-------- Data block

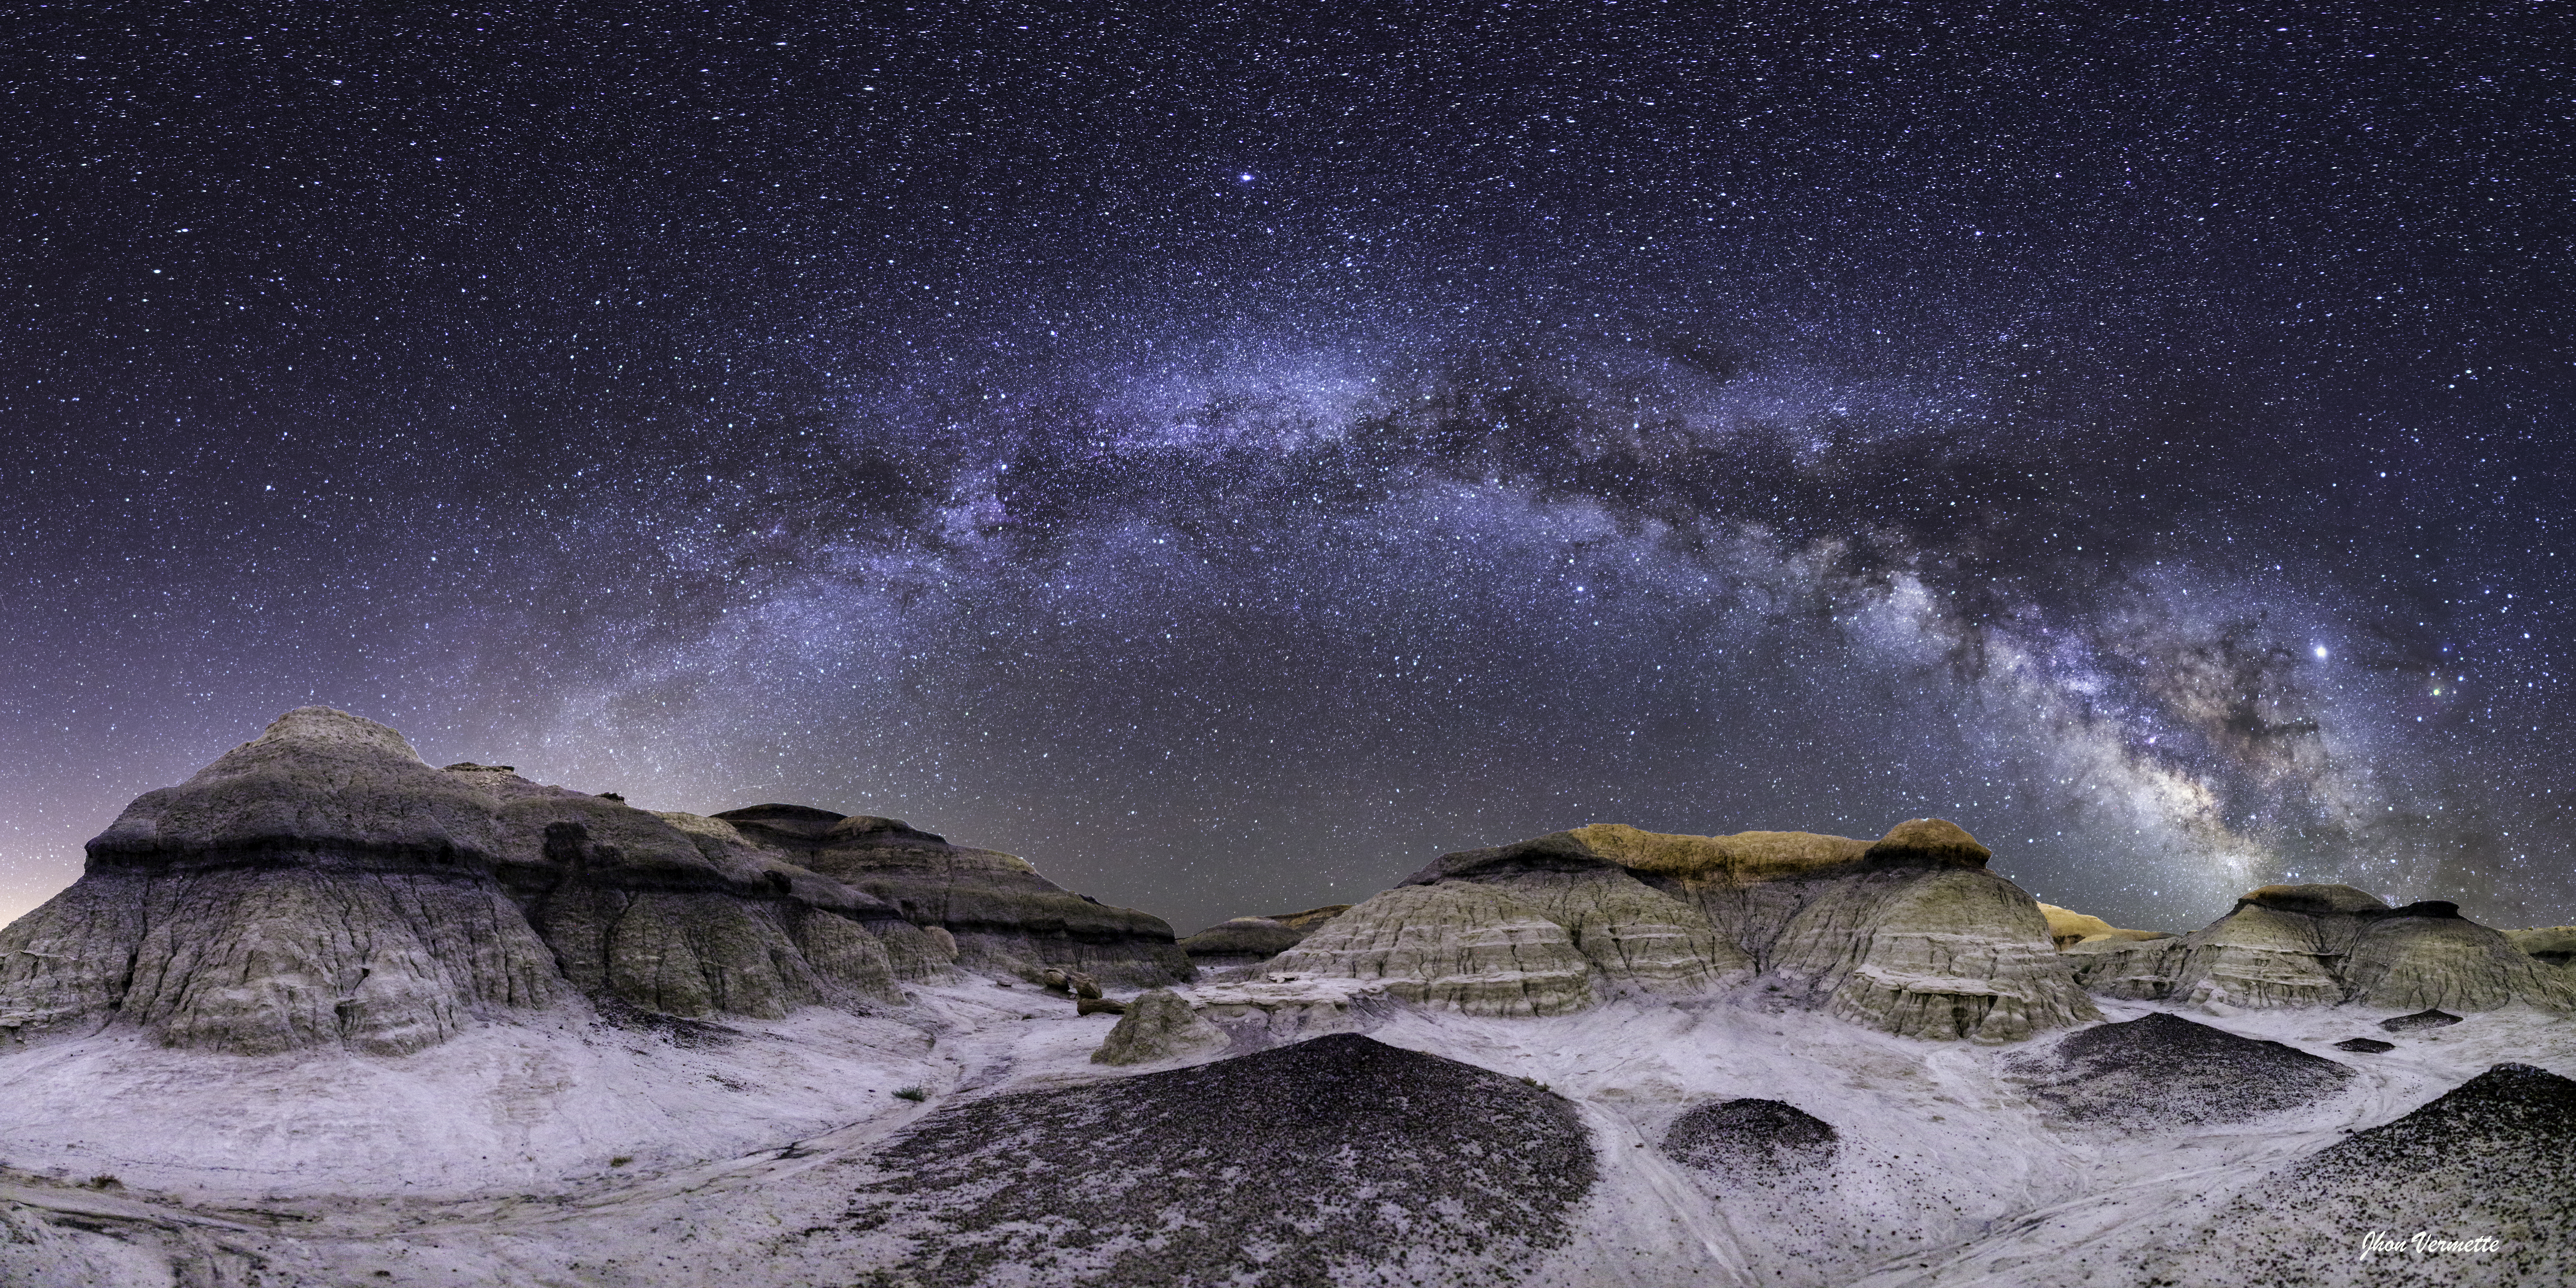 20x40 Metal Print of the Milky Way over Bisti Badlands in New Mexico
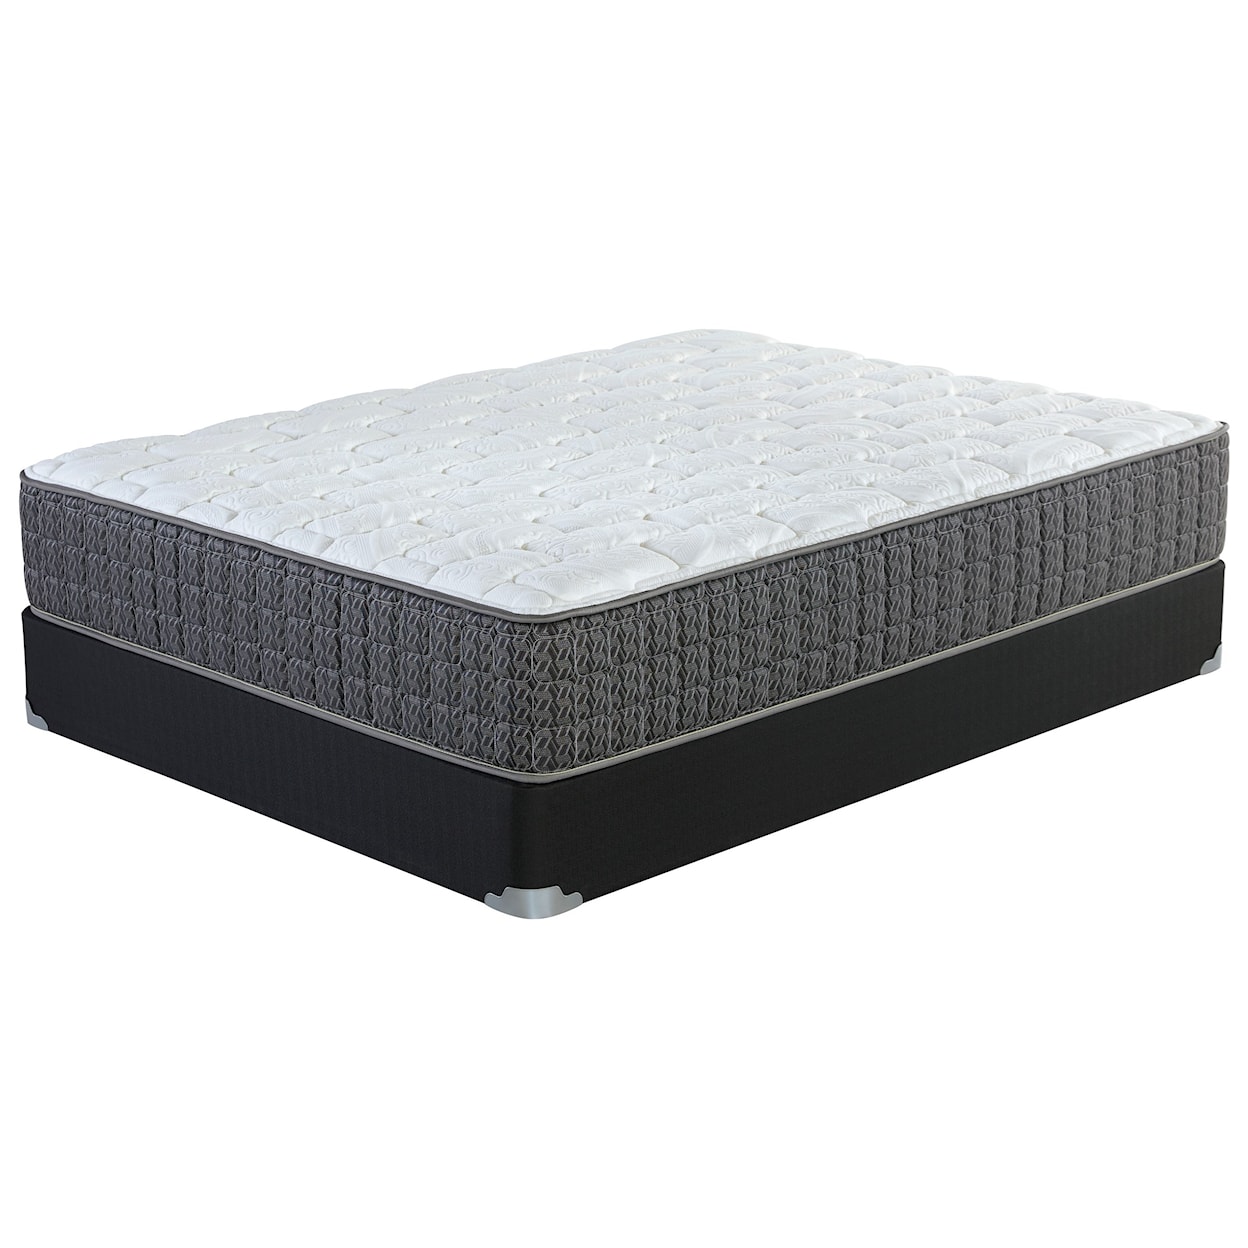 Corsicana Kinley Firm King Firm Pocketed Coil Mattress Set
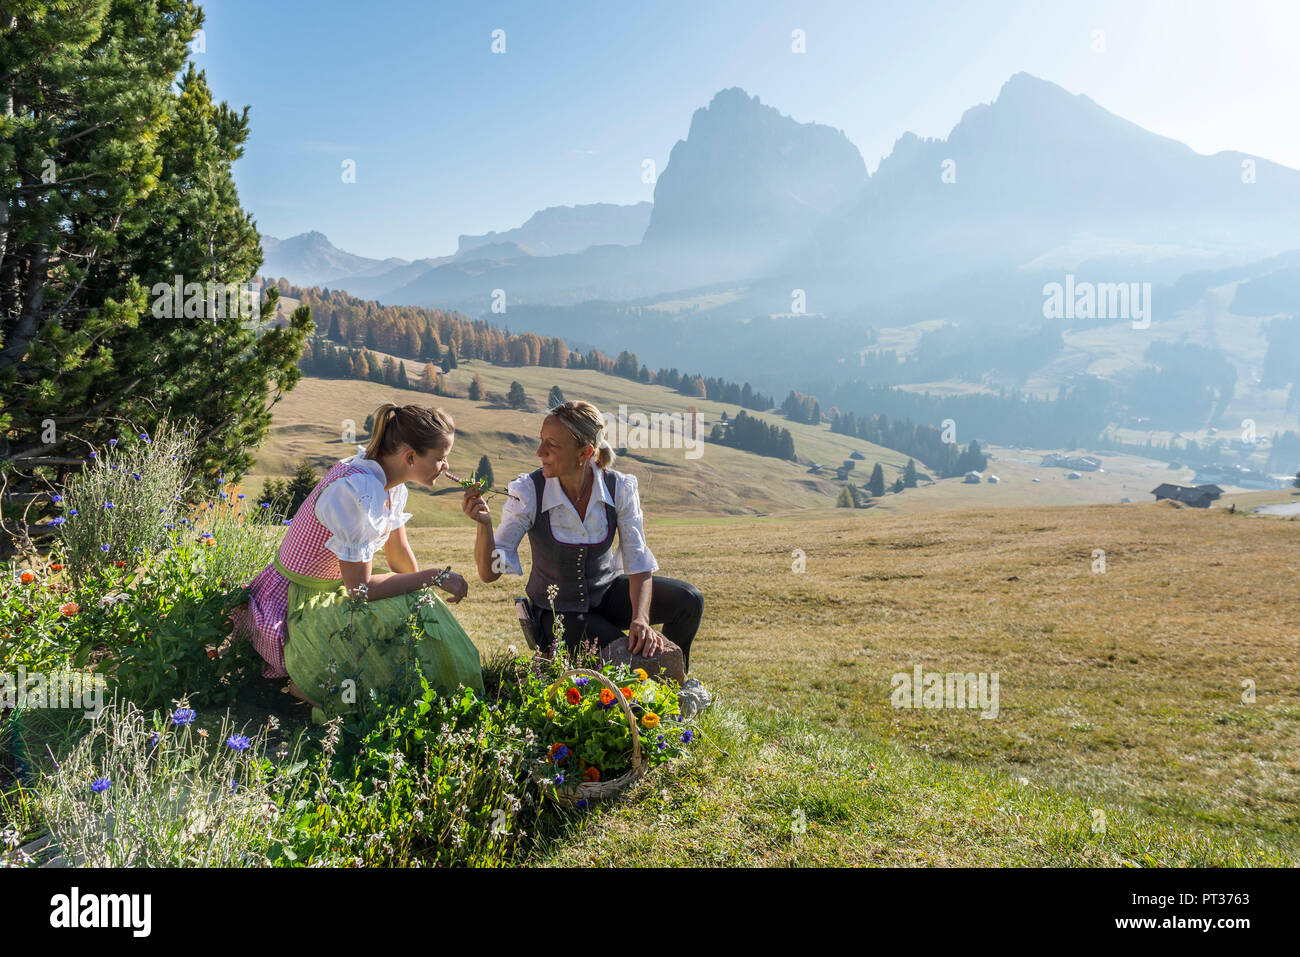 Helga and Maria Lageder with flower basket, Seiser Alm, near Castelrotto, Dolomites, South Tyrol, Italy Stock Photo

----------------

What you have to do: Reproduce, exactly and without pictures, the lines above from the one containing "Corsicana Kinley Firm" through the last line of the material, both ends included, and nothing more.

Response:
 Corsicana Kinley Firm King Firm Pocketed Coil Mattress Set
 Helga and Maria Lageder with flower basket, Seiser Alm, near Castelrotto, Dolomites, South Tyrol, Italy Stock Photo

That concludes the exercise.